General Malone glanced at the young officer who laid the reports on his desk. He scowled as he dismissed the man with a salute, angered over the interruption. With Suvette attacking their supply lines, he didn't need a bunch of reports to tell him that they were running out of food.

Instead of focusing on the private's past abuse, we're exploring the general's temperament and the direness of the army's situation.

Some writers fall in love with their characters. Exploring their nature and personality may be more interesting than writing the plot but your reader is there to experience more than a character description. They want to be entertained, made to think, or to be inspired. It's your job to give them a story that fits their needs. There must be a beginning, middle and end and that story should progress without taking side trips into areas that do nothing to move the plot forward or build your primary characters.

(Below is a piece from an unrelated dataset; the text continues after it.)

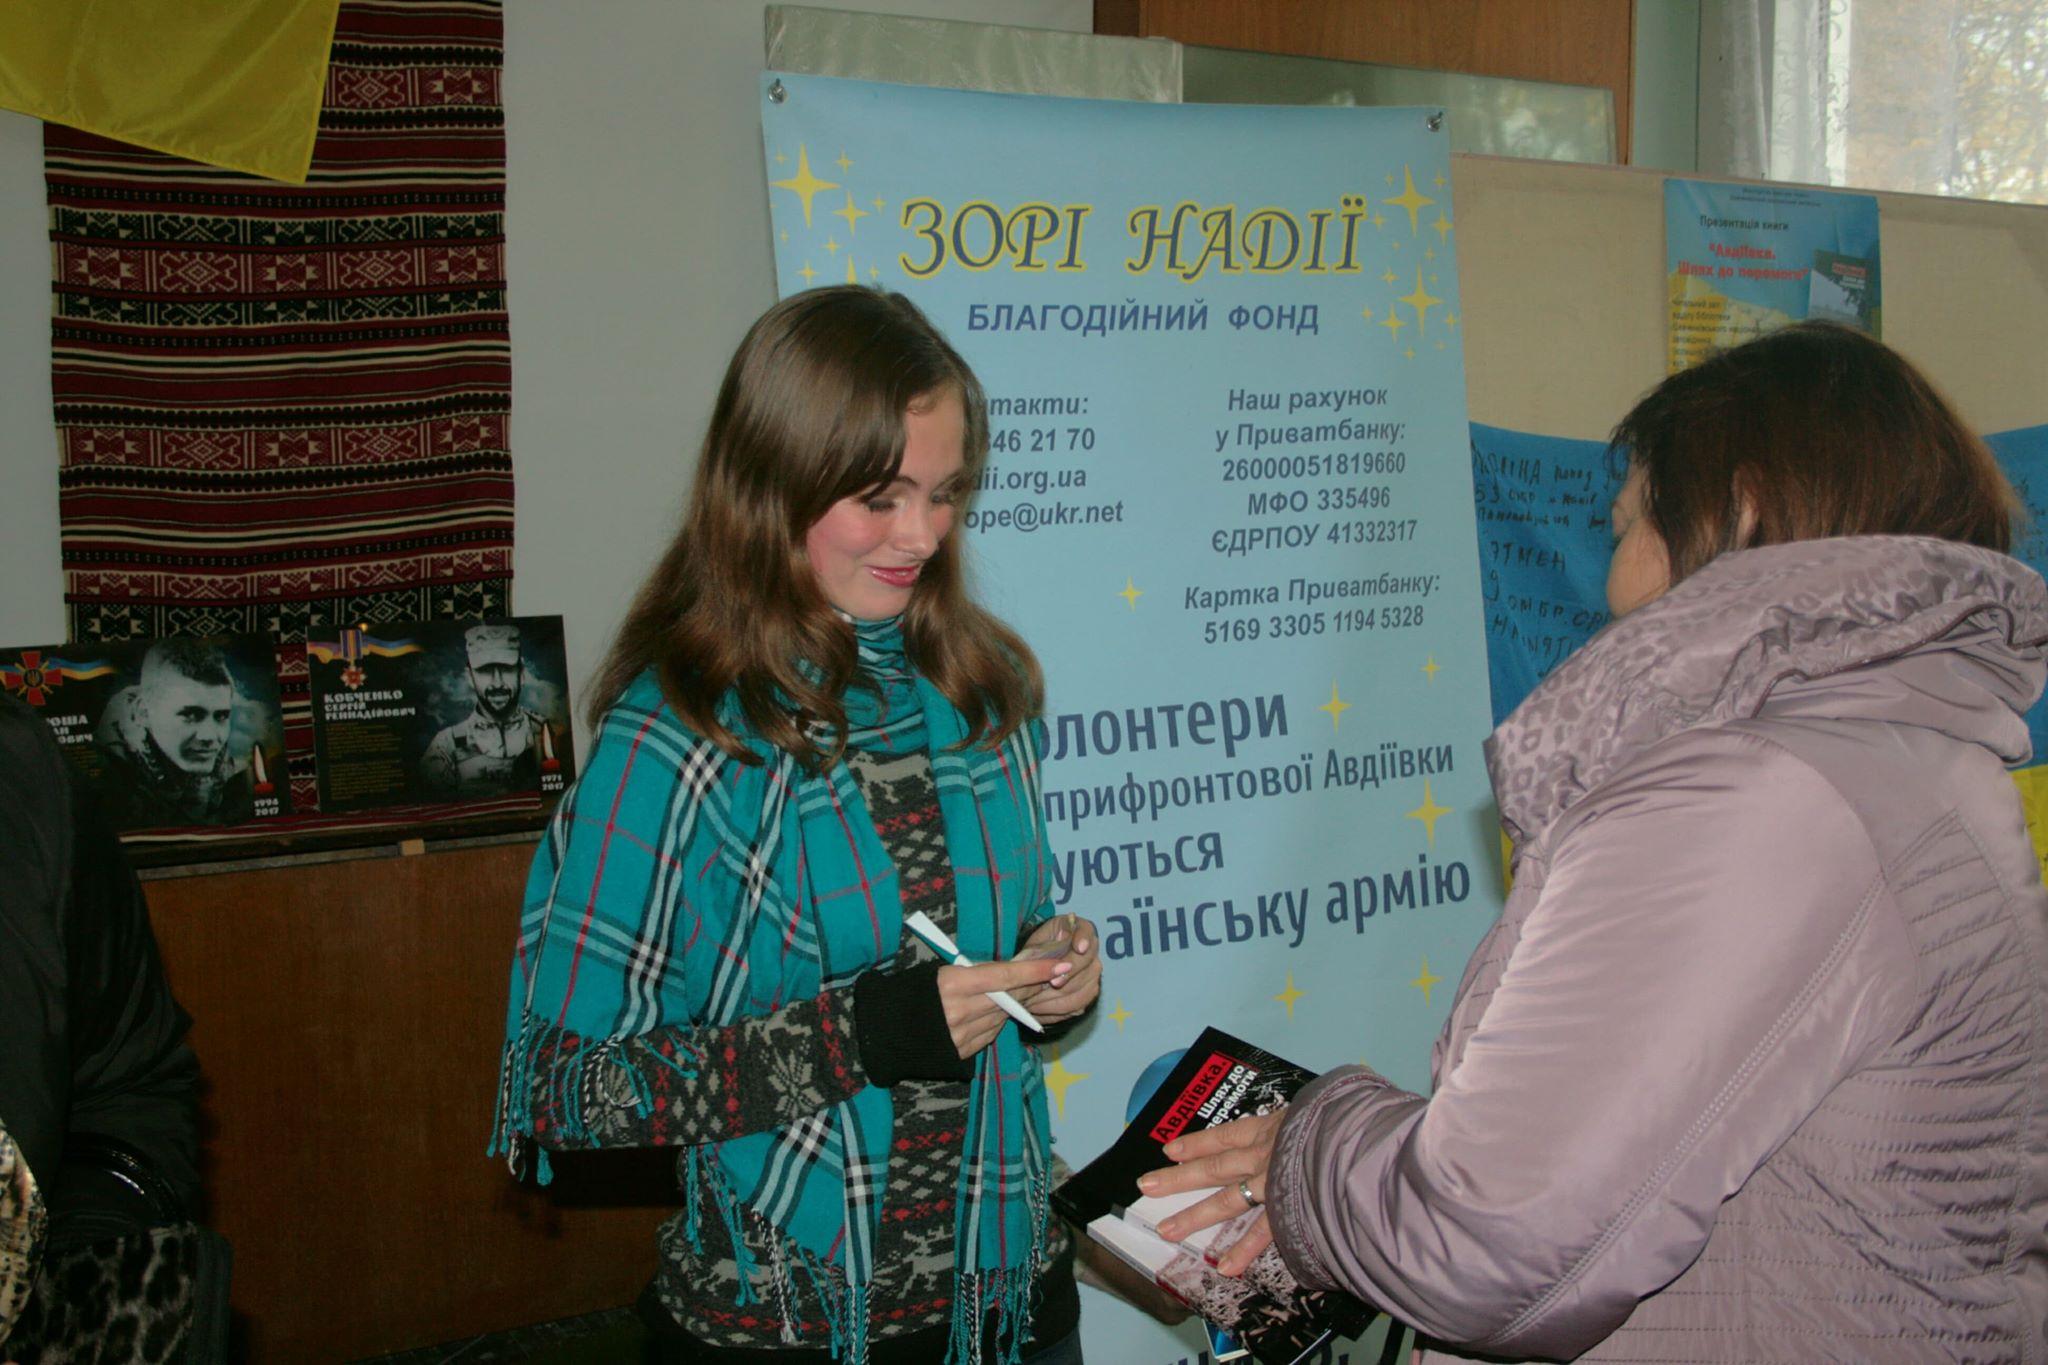 Аліна Косовська на презентації книги Авдіївка шлях до перемоги у Каневі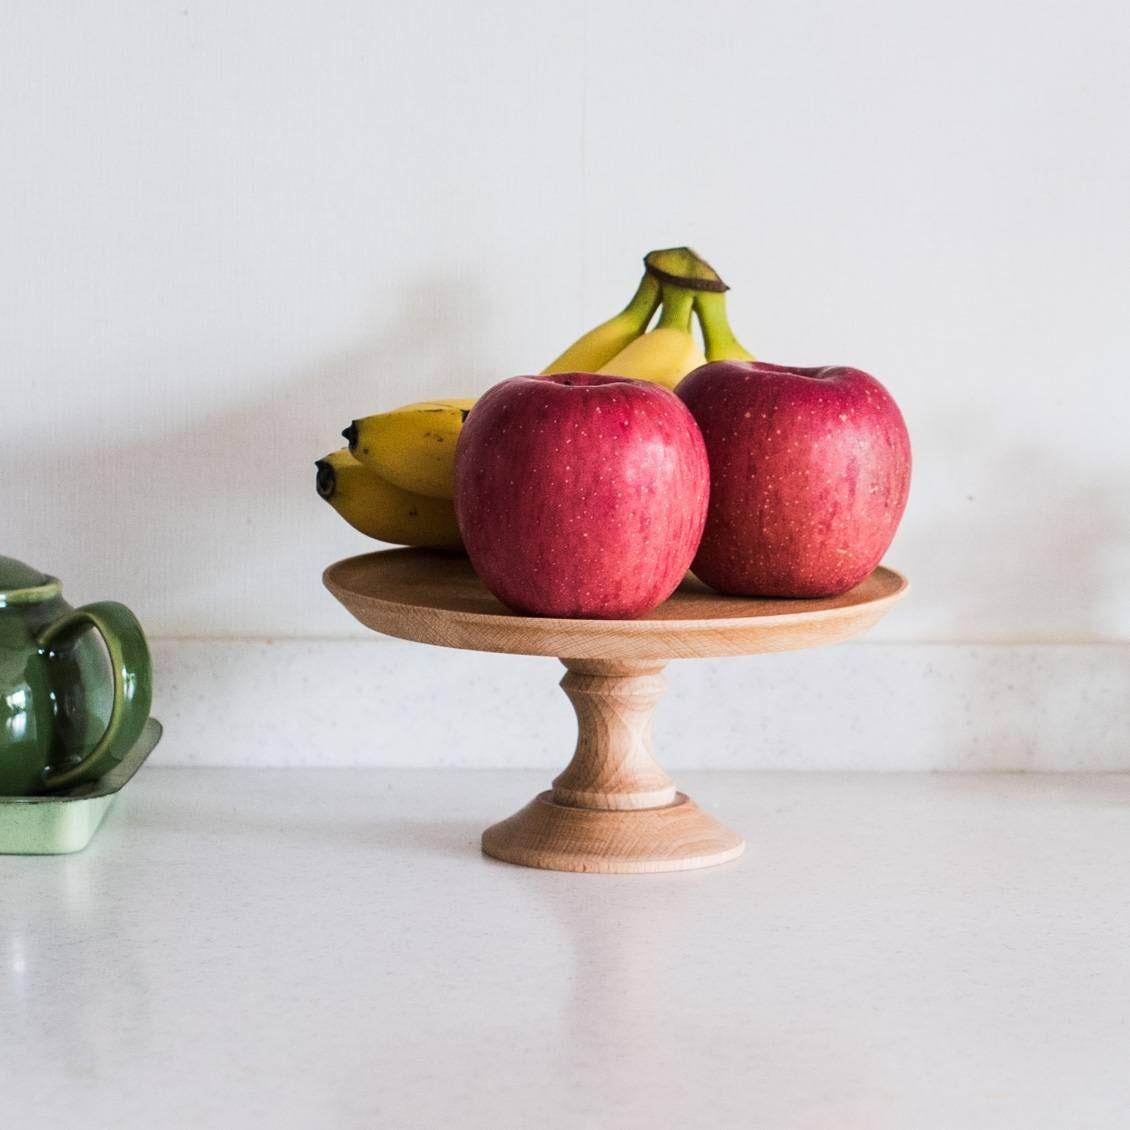 【新商品】いつもの風景が見違える!木のあたたかみを活かしたコンポート皿をつくりました。

For me, half the fun of writing the story is creating new characters and societies, but a detailed description of a bit character's physical appearance or personality is distracting to readers. They don't have the luxury of living inside your head as you create and write your story. They only know what you put on the page. When you include details about a bit character, they may become as interested in those characters as you are, but if the character that piqued their curiosity on page five doesn't appear again in the entire book, they're going to be left with a feeling of incompletion. Not the outcome you want if you're hoping to build a fan base.

Taking too much time to develop unnecessary characters is one of the pitfalls that stall the writing process. Learning to recognize irrelevant and trivial information in your story can be crucial to turning a rambling, unpublishable tome into a brightly polished novel that editors would be pleased to publish.